Acute respiratory failure commonly follows operations for congenital heart disease in infants because of the associated abnormal pulmonary circulation. Our criteria for respiratory failure include: abnormal arterial carbon dioxide tension (PaCO2), physiologic dead space-tidal volume ratio greater than 0.50, increased respiratory frequency, and excessive work of breathing. Of 99 infants operated in a 2 year period, 41 met these criteria and received mechanical ventilation. Despite severe, complex lesions, 17 (42%) survived after mechanical ventilation of 24 hours to 3 months duration. Of the 58 infants without respiratory failure, all but one survived. Pulmonary sequelae of high alveolar oxygen tensions contributed to the deaths of 3 infants early in the series. Subsequently, the inspired oxygen concentrations were maintained at the minimum level consistent with an arterial oxygen tension (PaO2) above 35 mmHg (cyanotic lesions) or 70 mmHg (acyanotic lesions).

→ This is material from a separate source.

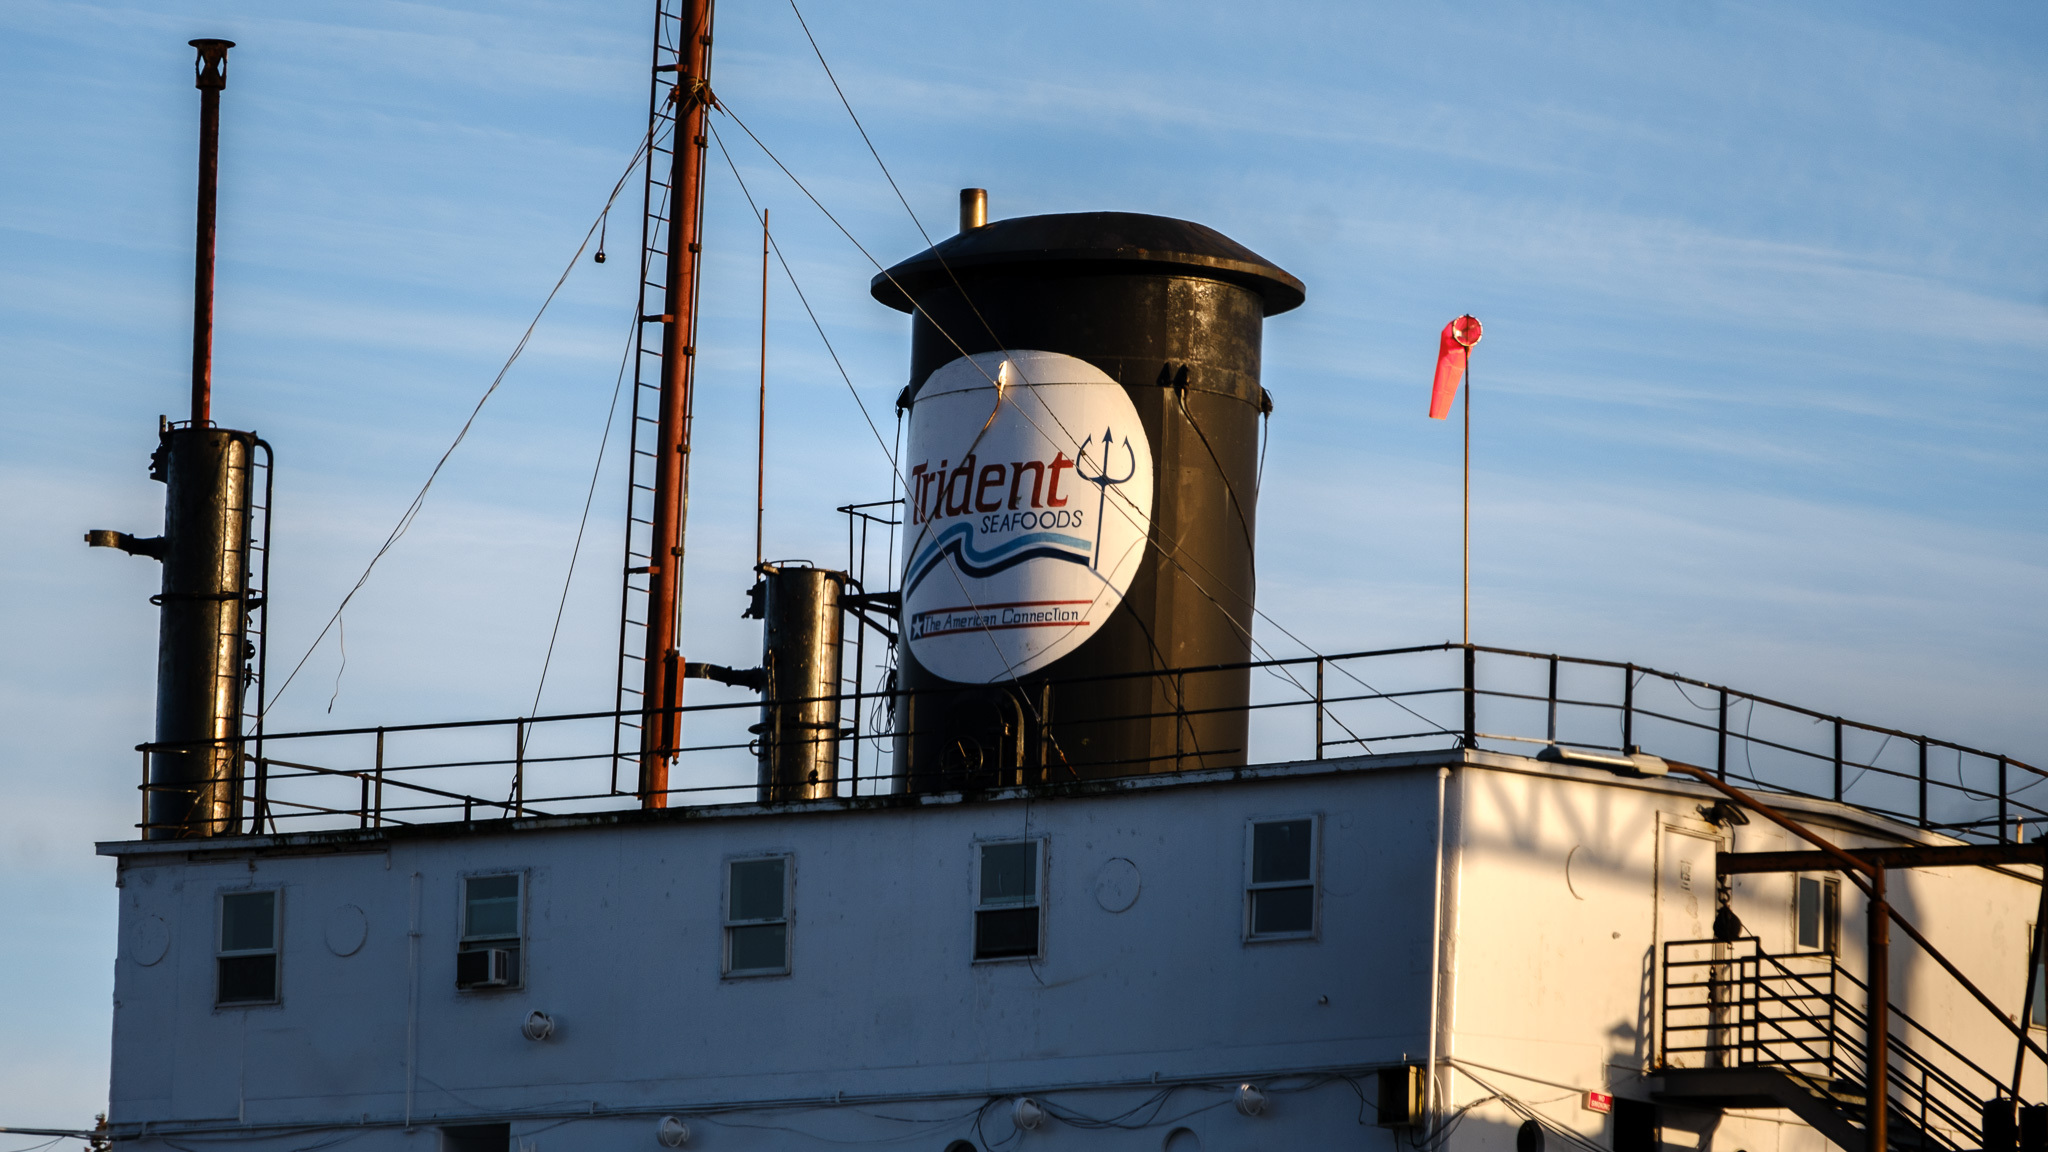 a square building with a large black cylinder, possibly for exhaust, that reads "Trident Seafoods"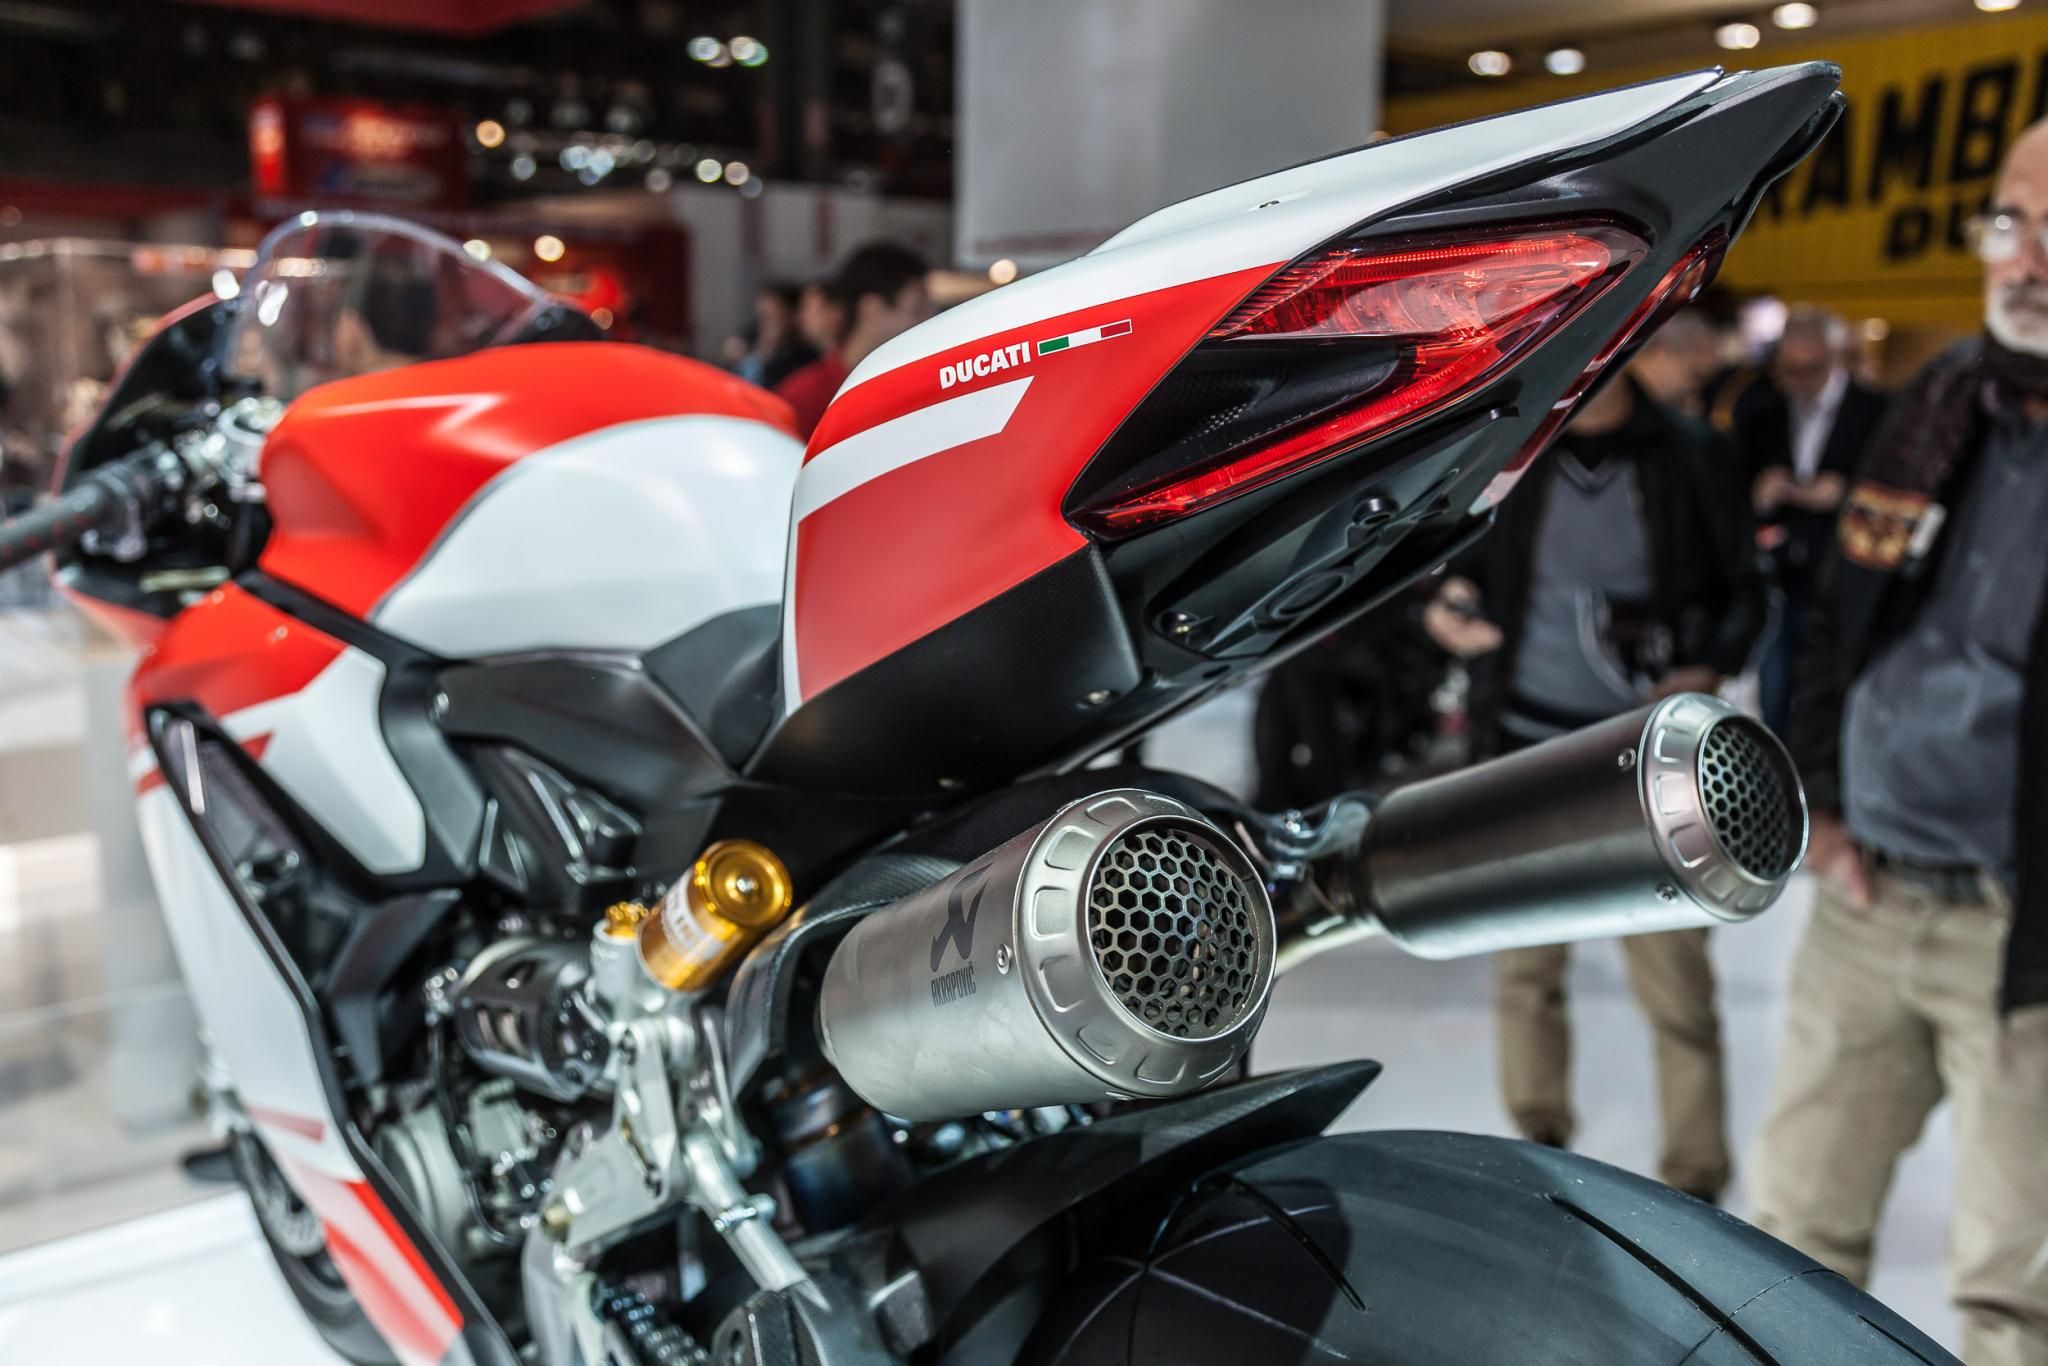 What To Expect From Ducati For 2017 - EatSleepRIDE

Controlled constant volume ventilation aided by morphine and chest physiotherapy provided optimal distribution of gas and minimal alveolar-arterial oxygen tension gradients. An indwelling systemic arterial catheter permitted frequent determination of pH, PaCO2, and PaO2, and continuous pressure monitoring. We conclude that respiratory failure following cardiovascular surgery in infants can be successfully treated with mechanical ventilation.

*By Invitation


TUESDAY EVENING, APRIL 1, 1969

7:00 P.M. Reception

Pavilion Room

8:00 P.M. Dinner and Dancing

Terrace Room

Attendance limited to Members of the Association and their ladies, Invited Speakers and their ladies, Invited Guests and their ladies.